Meron Limited’s position was that it was in actual occupation of the property and had developed parts of it, including farming activities and employment of workers on site.

It further argued that the land had already been subdivided into six registered parcels, all allegedly in its name, and that its interest was protected under Section 26(1) of the Land Registration Act, which grants indefeasibility of title unless fraud or illegality is proven.

The company also claimed that the injunction effectively operated as an eviction order issued at an interlocutory stage without a full hearing and that material facts about its possession had not been properly presented to the court when the orders were issued.

“As a result, the orders of injunction currently in force have put the Applicant (Meron Limited) in a precarious position as it stares at being evicted from the suit properties, and its economic farming interests have been put into serious jeopardy,” the ruling states.

Langton Investments Limited opposed these arguments, maintaining that Meron Limited had failed to produce evidence of possession during the injunction hearing and that the court had acted properly within its discretion under Order 40 of the Civil Procedure Rules.

“It was submitted that an injunction order cannot be set aside unless, subsequent to the issuance thereof, circumstances exist that render the continued retention of the injunction unreasonable or unjustifiable,” it further notes.

According to Langton, allowing Meron Limited to continue dealing with the property would undermine the authority of the court and prejudice the pending determination of ownership, which could only be resolved through a full trial.

When the matter was reconsidered, the Environment and Land Court on December 4, 2023, declined to set aside the injunction.

The court held that Meron Limited had not demonstrated any new evidence or changed circumstances to justify varying the orders, and found that the dispute raised serious issues of ownership that could not be determined at an interlocutory stage.

The court further observed that the application appeared to be an attempt to litigate ownership through procedural applications rather than through a full hearing and directed that the matter proceed to trial, where evidence from all parties could be properly tested.

Amid the ongoing injunction dispute, court records show that a parallel legal battle emerged over the cancellation of the titles of the subdivided land.

In a judicial review application, Meron Limited challenged the decision by the Chief Land Registrar to revoke and cancel its titles over the same parcels, arguing that the action was taken without jurisdiction and without affording it a fair hearing.
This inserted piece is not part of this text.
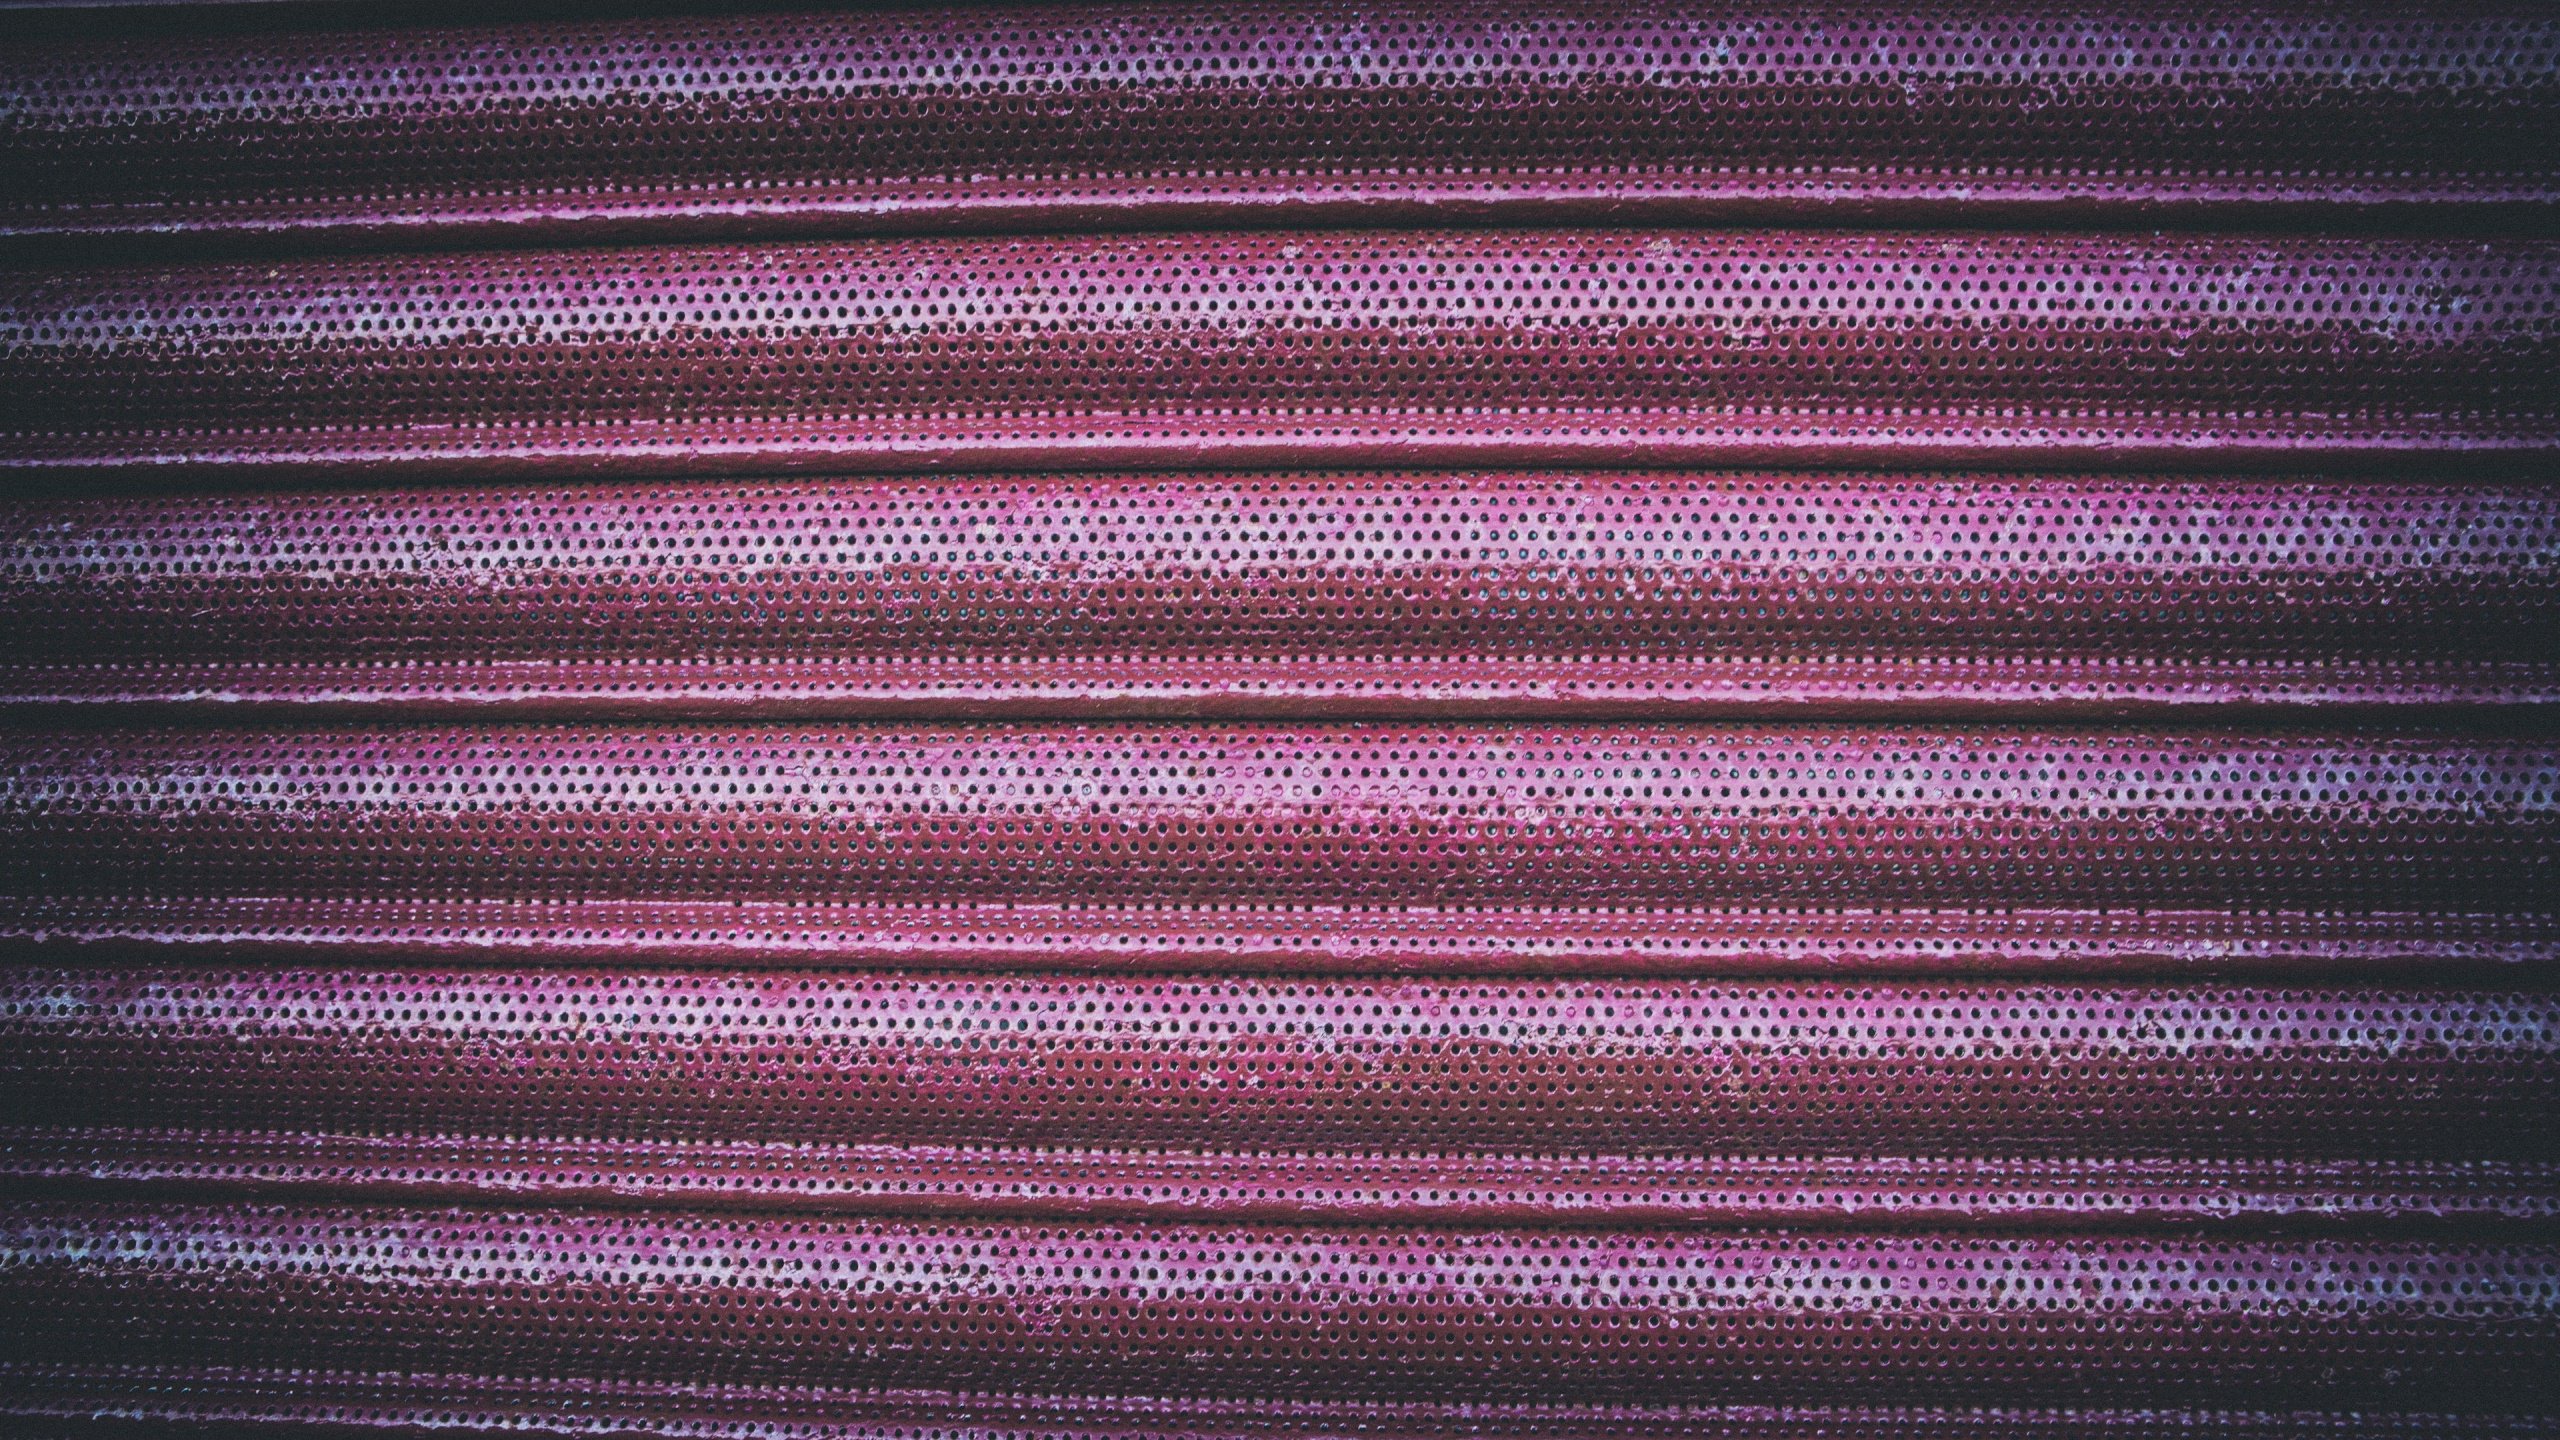 Textil de Rayas Moradas y Negras. Wallpaper in 2560x1440 Resolution

“Meron Limited, seeks an order of Certiorari to remove into this court and quash the decision by the Registrar of Titles, Nairobi, to revoke and cancel the leases and certificates of titles in respect to parcels of land,” the application reads.

The company maintained that only a court could cancel land titles, especially in allegations involving fraud, and that administrative action violated constitutional protections over property rights.

The Registrar of Titles and Langton Investments Limited defended the cancellation, arguing that the titles had been obtained through irregular subdivision and fraud, and that statutory powers allowed correction of the land register.

They also claimed that notices had been issued and that Meron Limited failed to comply with the summons requiring the surrender of the disputed titles.

However, in a judgement delivered on February 5, 2025, the High Court found that the Registrar had acted beyond legal authority by cancelling the titles without following proper legal procedure.

“I hereby issue an order of Certiorari removing into this court and quashing the decision by the Registrar of Titles, Nairobi, to revoke and cancel the leases and certificates of titles in respect to parcels of land,” Justice Edward Wabwoto ruled.

It is this layered legal background that has now spilled into Marurui on the ground.